_Given data:_
◆ ◆ ◆

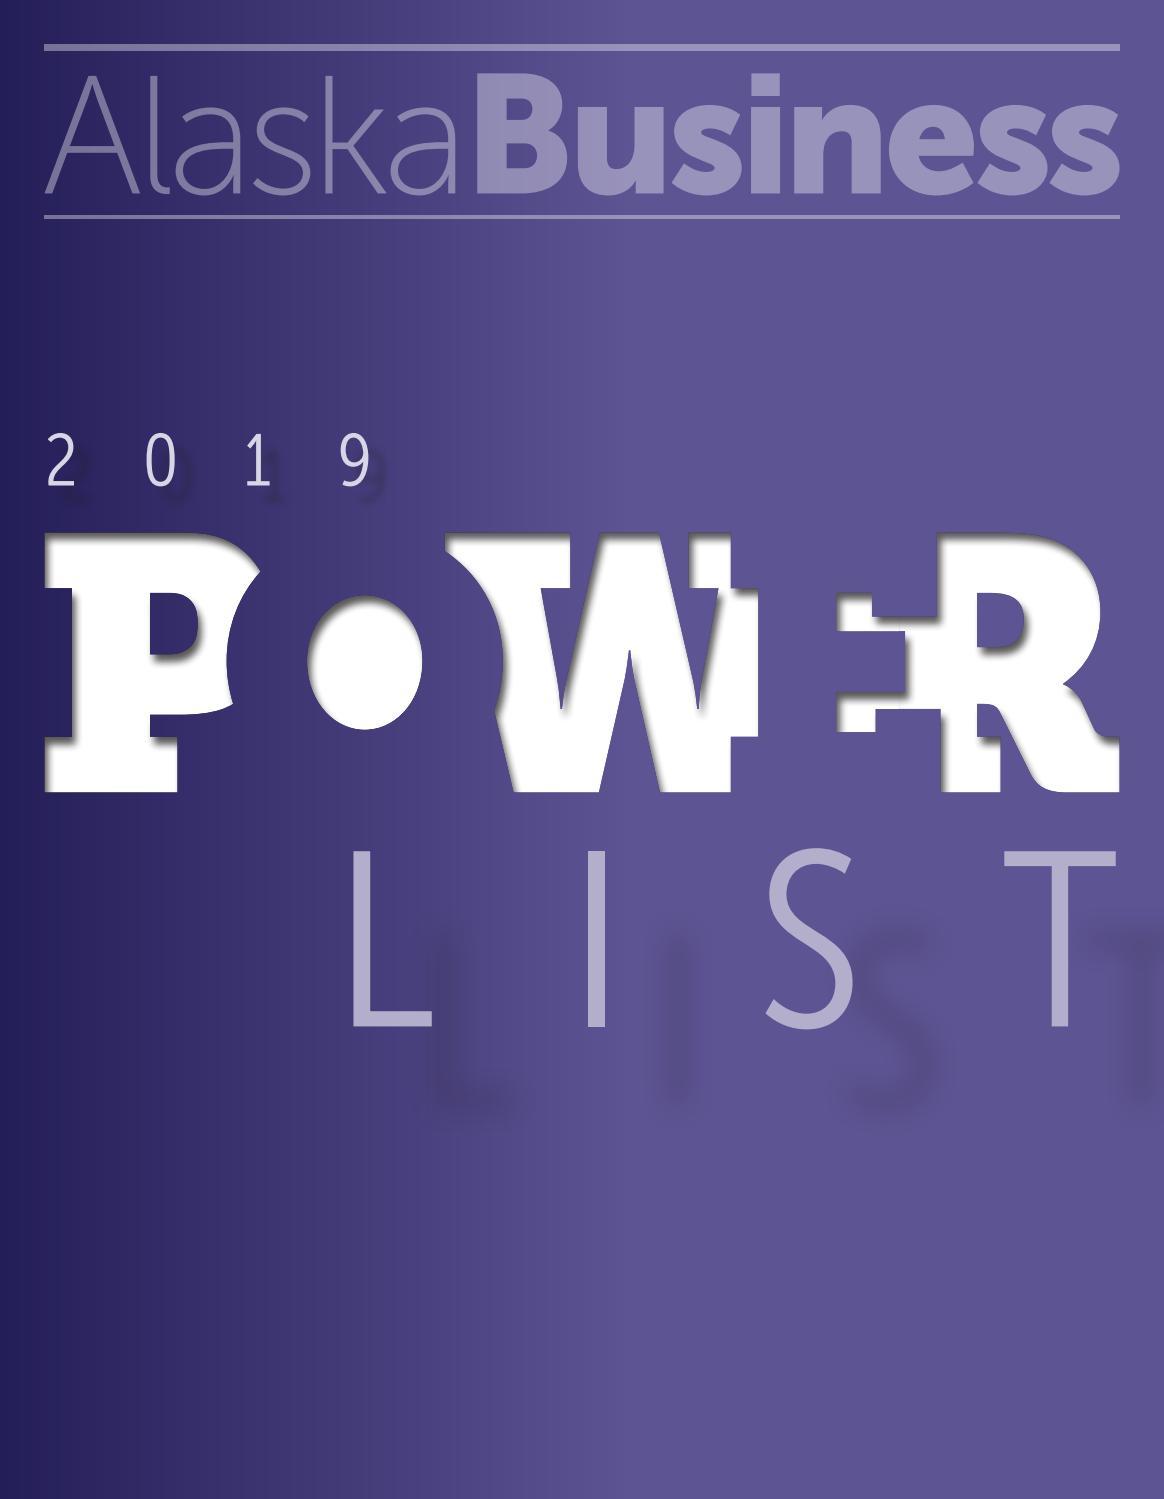 1300 E 223rd Street No 409 Carson California Map.2019 Power List By Alaska Business Issuu
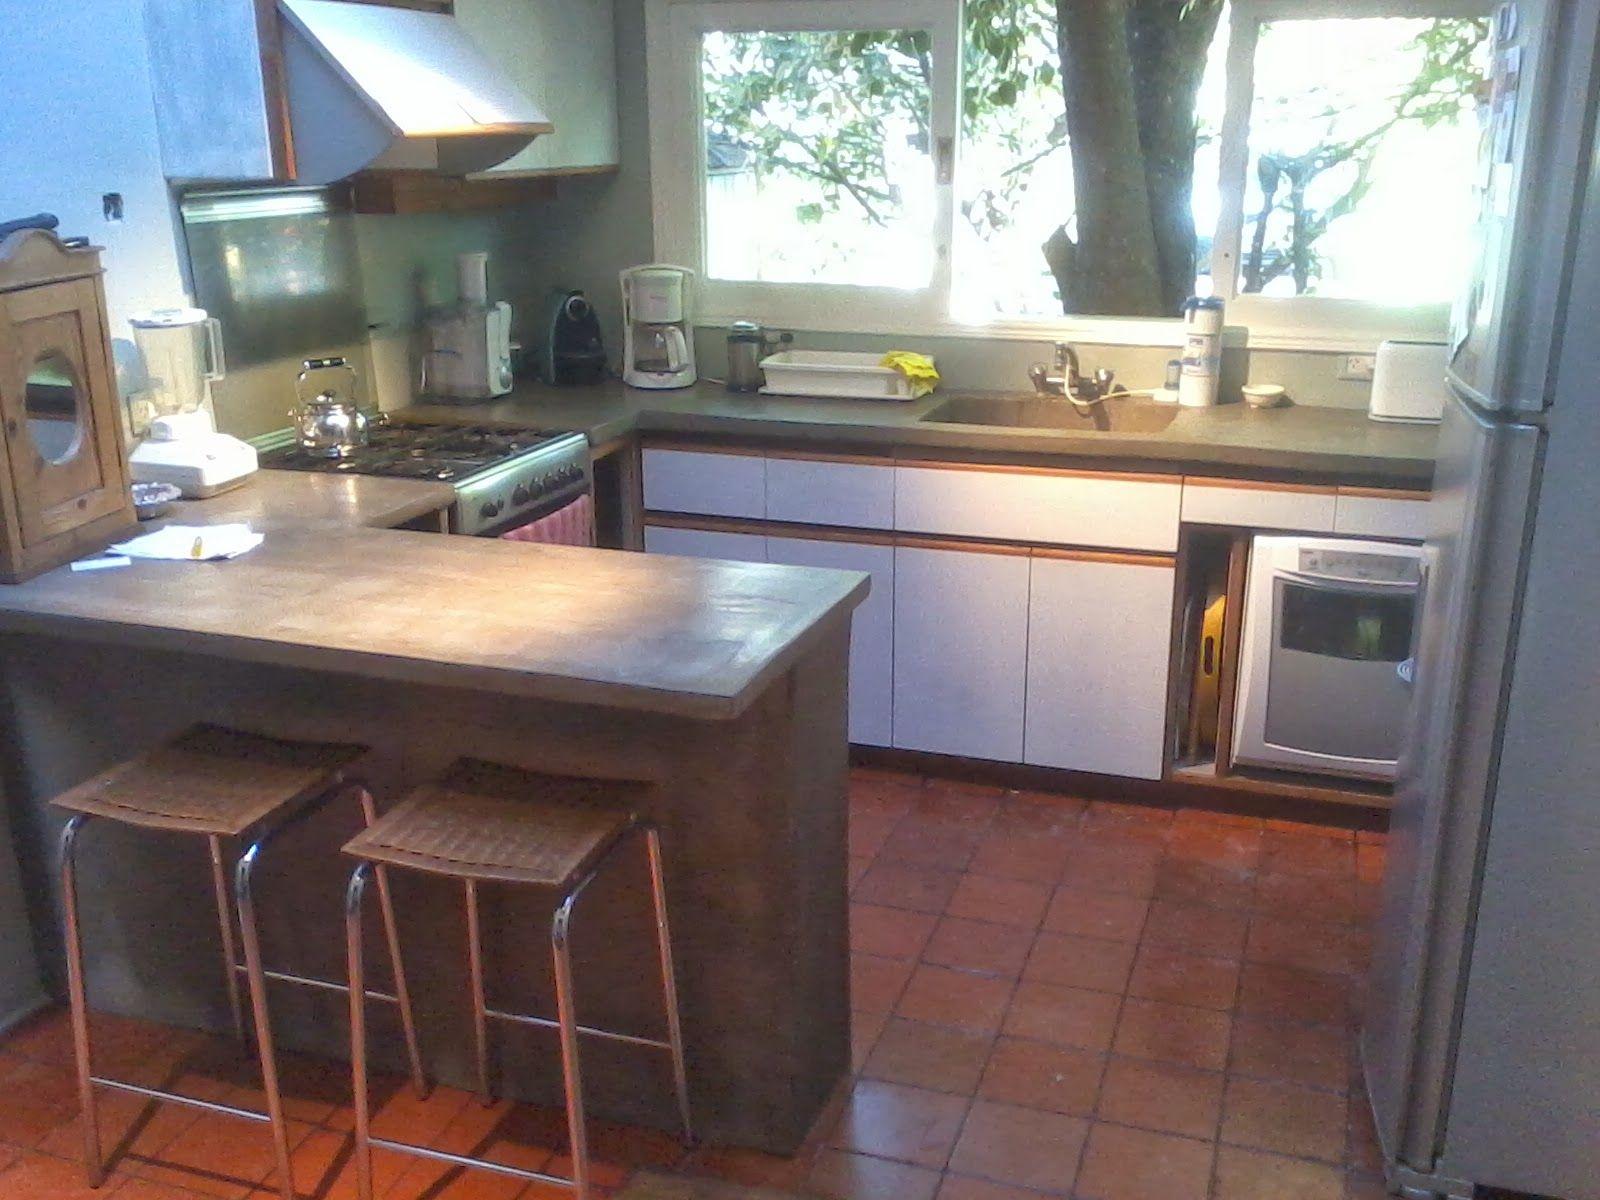 muebles de cocina barra mesada cemento 1600
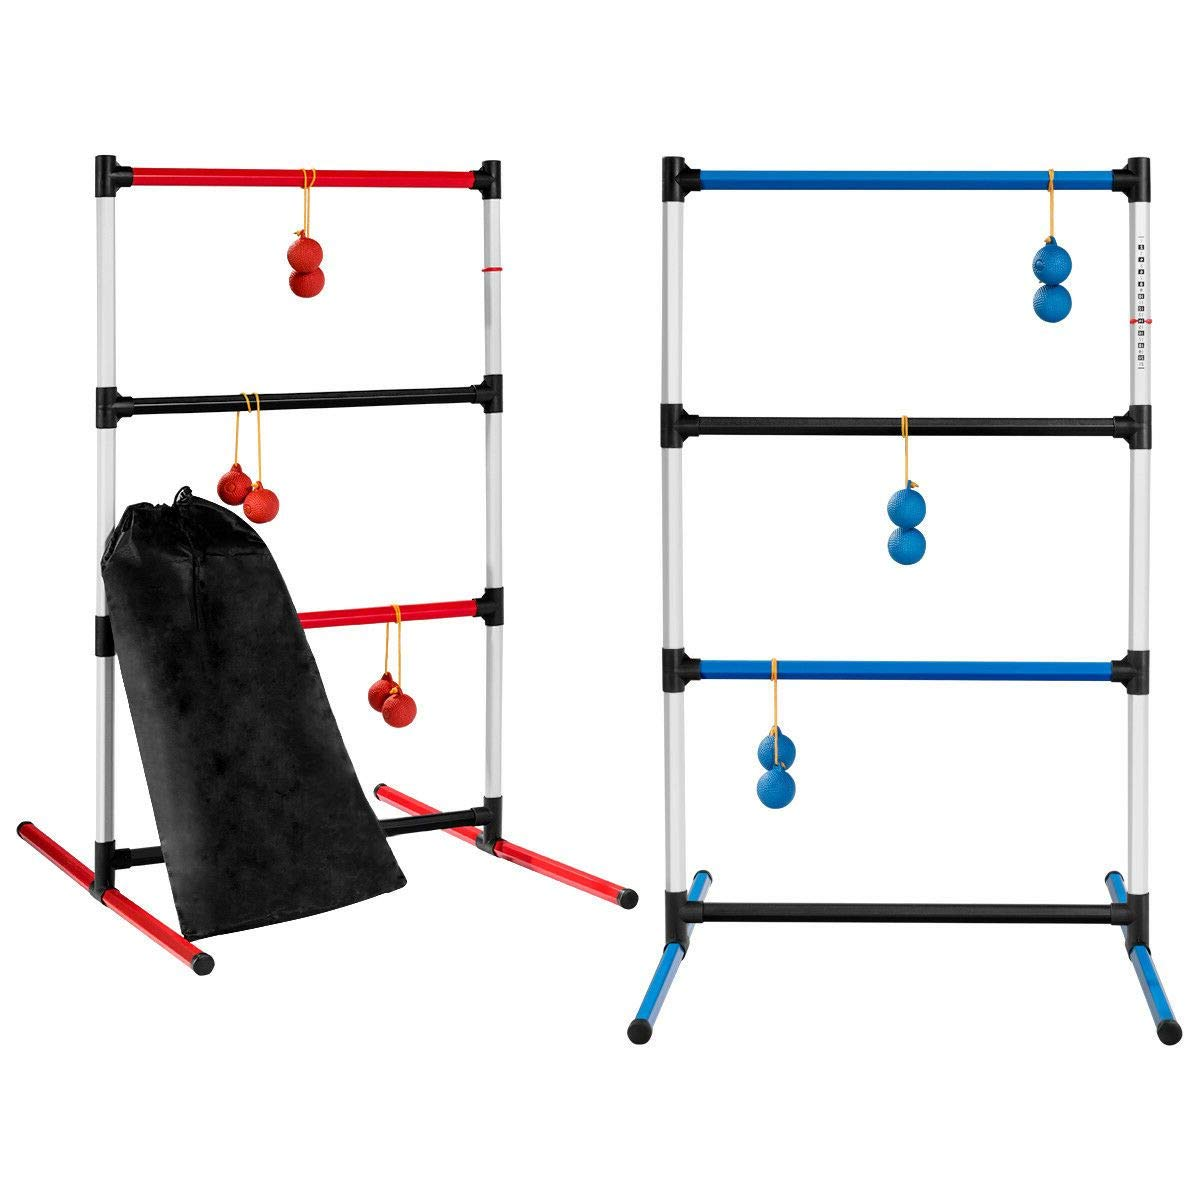 Aromzen Portable Ladder Ball Family Indoor Outdoor Game Sport 12 Balls W/Bag

◆ ◆ ◆

_Problem:_ Transcribe the lines above exactly, setting aside any picture among them.

_Result of this task:_
 1300 E 223rd Street No 409 Carson California Map.2019 Power List By Alaska Business Issuu
 muebles de cocina barra mesada cemento 1600
 Aromzen Portable Ladder Ball Family Indoor Outdoor Game Sport 12 Balls W/Bag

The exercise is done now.